These two acts have been repealed. Another, however, which abolishes racially based land laws, in fact maintains the status quo by allowing residents in white areas to prohibit any change in existing “norms and standards.” In other words, a majority of whites in residential areas “may by agreement draft bylaws regarding overcrowding of residential premises, including ‘norms or standards’ for determination of overcrowding (and) the maintenance of residential premises in a clean hygienic condition. . . .” Therefore, if two-thirds of the white residential property owners propose a bylaw prohibiting blacks from residing in those areas, the white local authorities must uphold it as the law.

--The government must enter into good-faith negotiations without preconditions.

The South African government has not created a climate conducive to good-faith negotiations, as evidenced by documented complicity in the continuing violence between Zulu Chief Mangosuthu Gatsha Buthelezi’s Inkatha supporters and ANC.

Apartheid in fact, if not in law, continues to be the order of the day, and there is as yet no proof of serious movement by the government toward a nonracial democracy.

In addition, two of the most important issues affecting South African blacks are not covered by the U.S. sanctions law: one person, one vote, and land reform. And there is a reason for that omission.

When Rep. Ronald V. Dellums’ sanctions bill passed the House, it was indeed “comprehensive” and powerful. However, the threat of a veto caused the Senate to pass a weak version of the bill, with the condition that there would be no conference committee to resolve the differences or strike a compromise. The House was faced with a take-it-or-leave-it proposition. The weak Senate version was an unnecessary compromise because President Reagan vetoed the bill anyway.

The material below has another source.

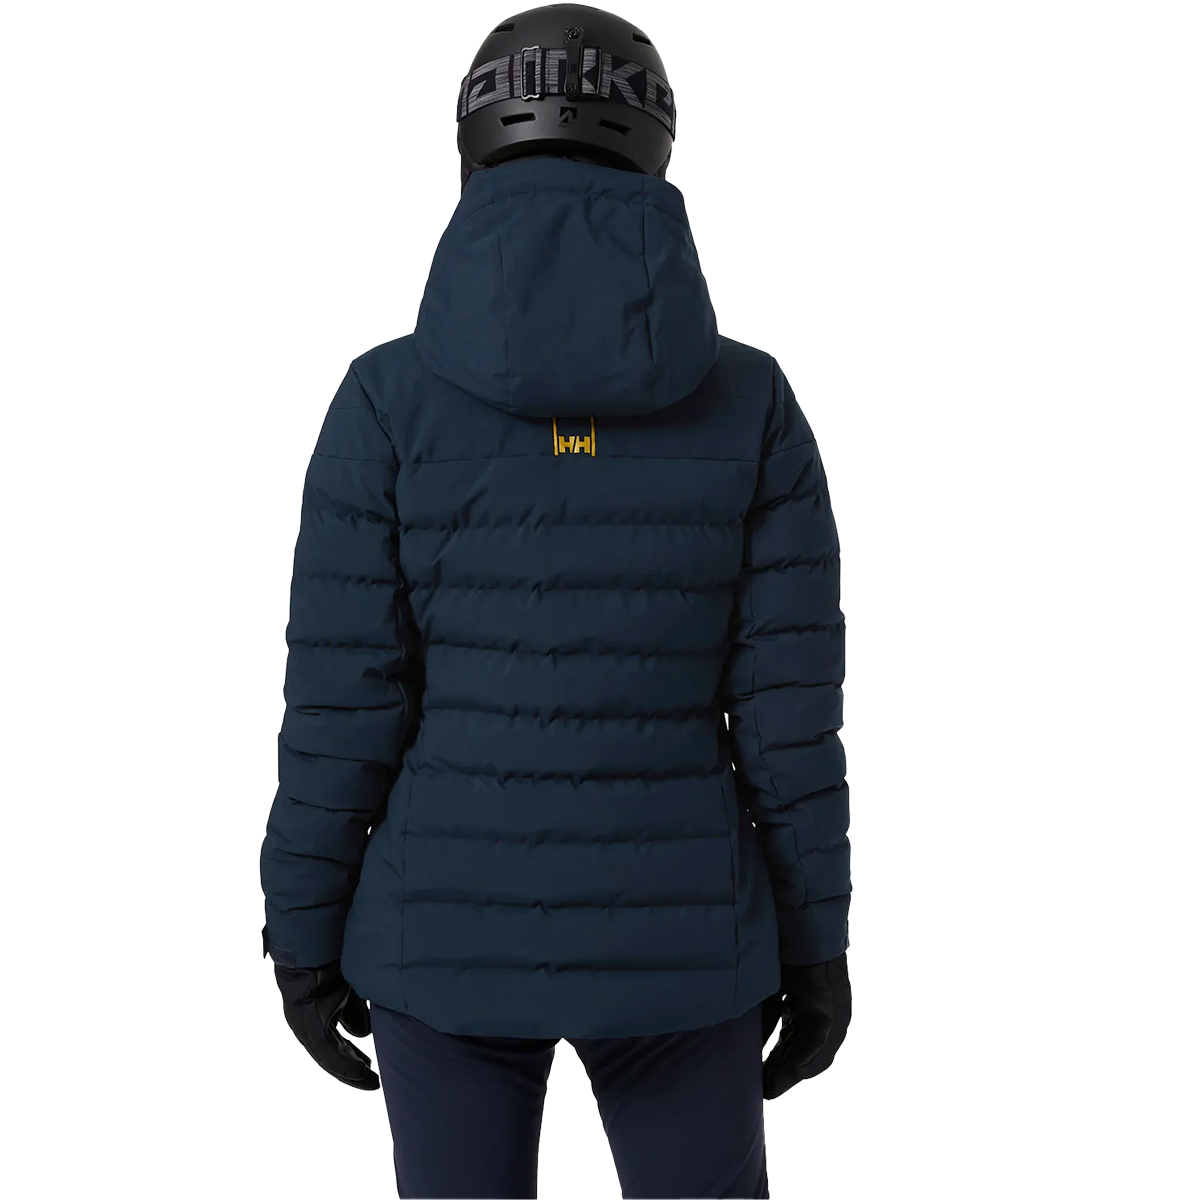 Women's Imperial Puffy Jacket alternate view
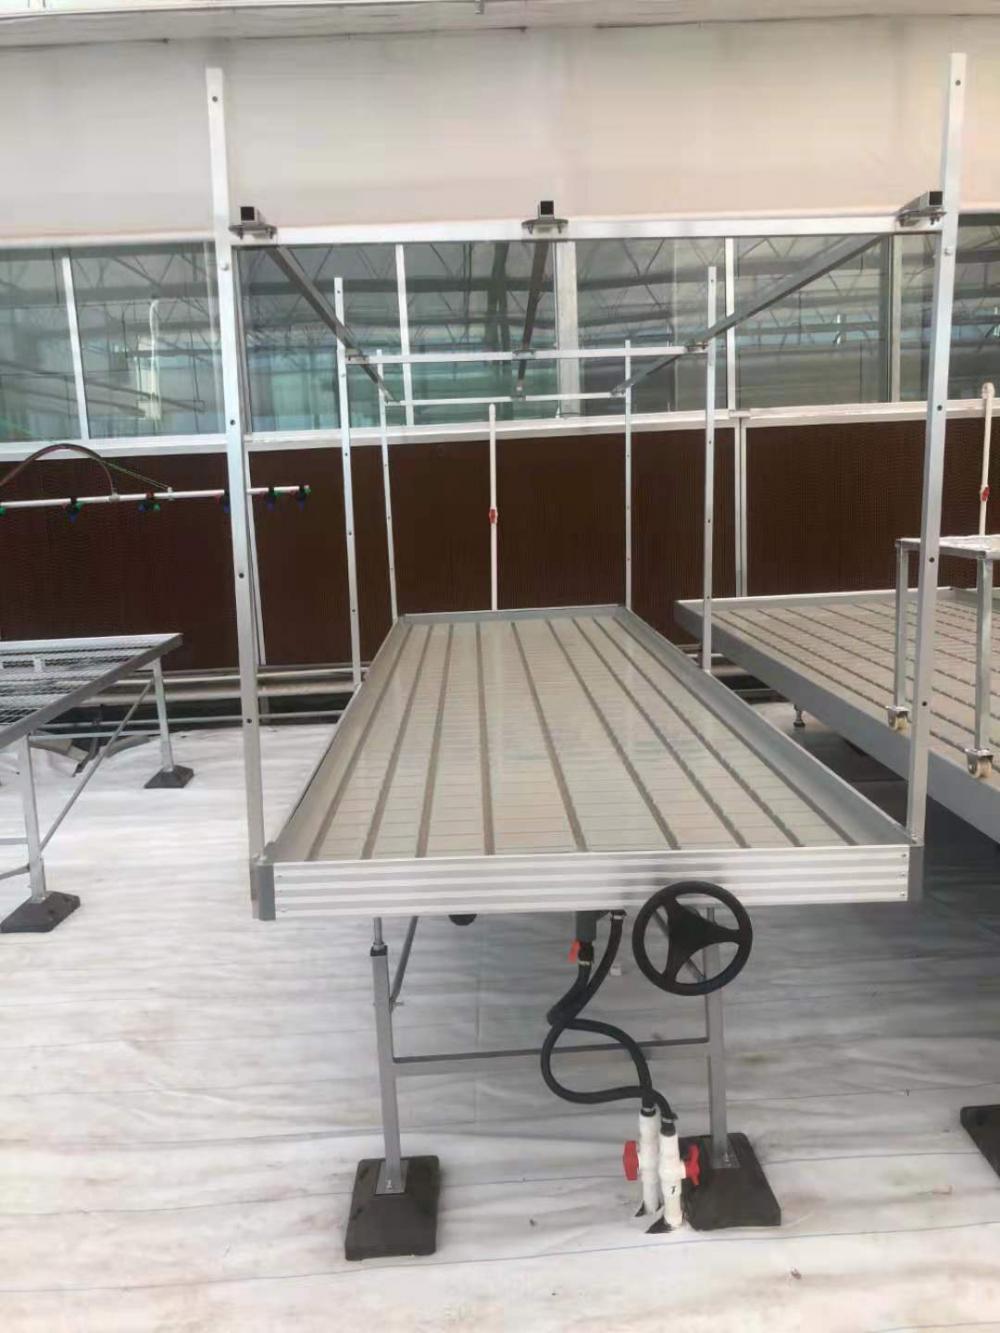 Skyplant Ebb Flow Rolling Bench in Greenhouse

Now, let’s turn our attention to the architect of the dismantlement of apartheid in South Africa, President Frederik W. de Klerk. Not once in his frequent statements about sanctions and apartheid has De Klerk ever mentioned majority rule. He envisions in post-apartheid South Africa a system tantamount to what he calls “a Rhode Island Senate situation.” In the U.S. Senate, Rhode Island, with a little more than 1 million people, has the same representation as California with 30 million. What De Klerk is quietly engineering is a system of non-proportional representation in which whites would have the same representation as blacks in one of two houses of Parliament.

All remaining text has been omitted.